Create a user prompt combining the question and the retrieved context chunks for use by the language model.

In [14]:
system_prompt = """"I will ask you a question, and I want you to answer based only on the context I provide, and no other information. 
If there isn’t enough information in the context to answer the question, say 'I don’t know.' 
Do not try to guess. Express yourself clearly and divide the answer into well-structured paragraphs."""

def generate_user_prompt(query):
    context = "\n".join(semantic_search(query, df['text_chunk'], df['embedding']))
    user_prompt = f"This is the question: {query}. This is the context:\n{context}."
    return user_prompt


### Generate Response

Send the constructed prompt and system instructions to the GenAI language model and receive a generated answer.

In [15]:
def generate_response(system_prompt, user_message, model="gemini-2.0-flash"):
    response = client.models.generate_content(
        model=model,
        config=types.GenerateContentConfig(system_instruction=system_prompt),
        contents=[user_message]
    )
    return response


### Run a Test Query

Test the entire RAG pipeline with a sample question related to chunking.

In [20]:
query = "How do I make a blind hem?"
user_prompt = generate_user_prompt(query)
response = generate_response(system_prompt, user_prompt)

print(f"Question: {query}")
print("Answer:")
print(response.text)


Question: How do I make a blind hem?
Answer:
To make a blind hem, follow these steps based on the provided context:

1.  **Select Blind Hem Stitch:**
    *   Set the Pattern Selector Dial to the blind hem setting, indicated by "M" in the diagram. The machine has different settings for firm and stretch fabrics.

2.  **Adjust Stitch Settings:**
    *   Set the Stitch Length Dial within the range shown in the diagram. Blind hems typically use a longer stitch length setting.
    *   Set the Stitch Width Dial appropriately for the fabric weight. Use a narrower stitch for lighter fabrics and a wider stitch for heavier fabrics. Test on a fabric scrap first.

3.  **Prepare the Fabric:**
    *   Turn up the hem to the desired width and press it.
    *   Fold back the hem against the right side of the fabric, leaving the top edge of the hem extending about 7 mm (1/4 inch) to the right side of the folded fabric (as shown in Fig. 1).

4.  **Sew the Hem:**
    *   Start sewing slowly on the fold.
 

### Save and Load Embeddings


In [None]:
# Save sewing machine manual embeddings
df.write_parquet("embeddings.parquet")

**Diskussion**

Modellen kan användas i verkligheten precis med det syftet den skapades - att enkelt lokalisera informatinon i en manual när du sitter med en ny symaskin.
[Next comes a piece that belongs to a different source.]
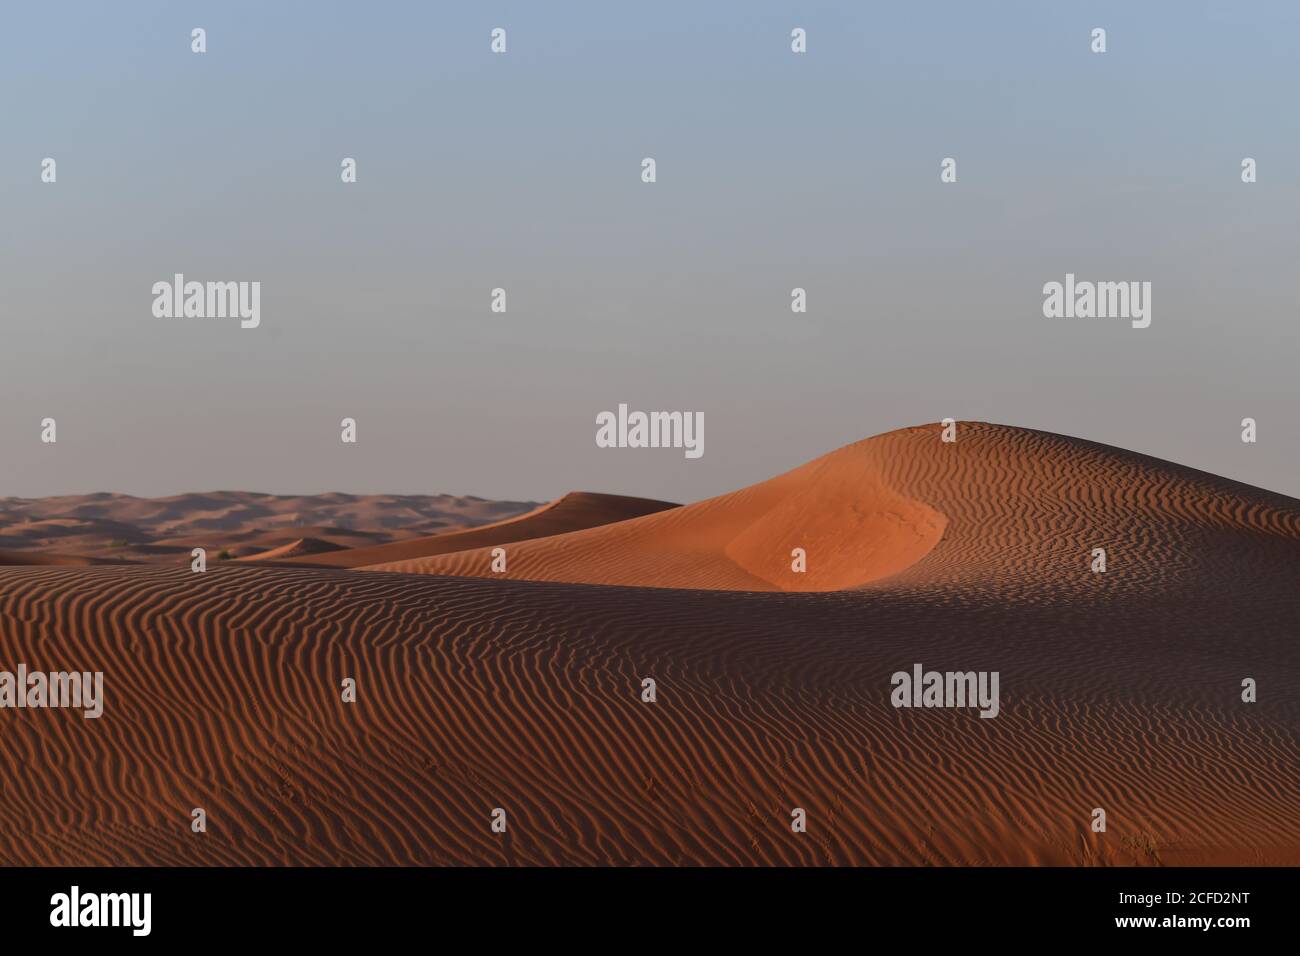 Ambiente del desierto árabe fotografías e imágenes de alta resolución -  Alamy

Detta kan vara på personnivå, men också på företagsnivå när personal kommer till en ny masin och snabbt behöver lära sig nya inställningar.

En potentiell utmaning är att den är tränad för en specifik modell. Detta är också dess styrka, men för en ny maskin modell behövs alltså en ny modell. Det kan vara en utmaning om ett företag har månag olika maskiner. 

En utvecklingsmölighet, något jag även provade mig på, är att inkludera bilderna från manualen i svaren. Det hade gjort responsen ännu hjälpsammare och tydligare.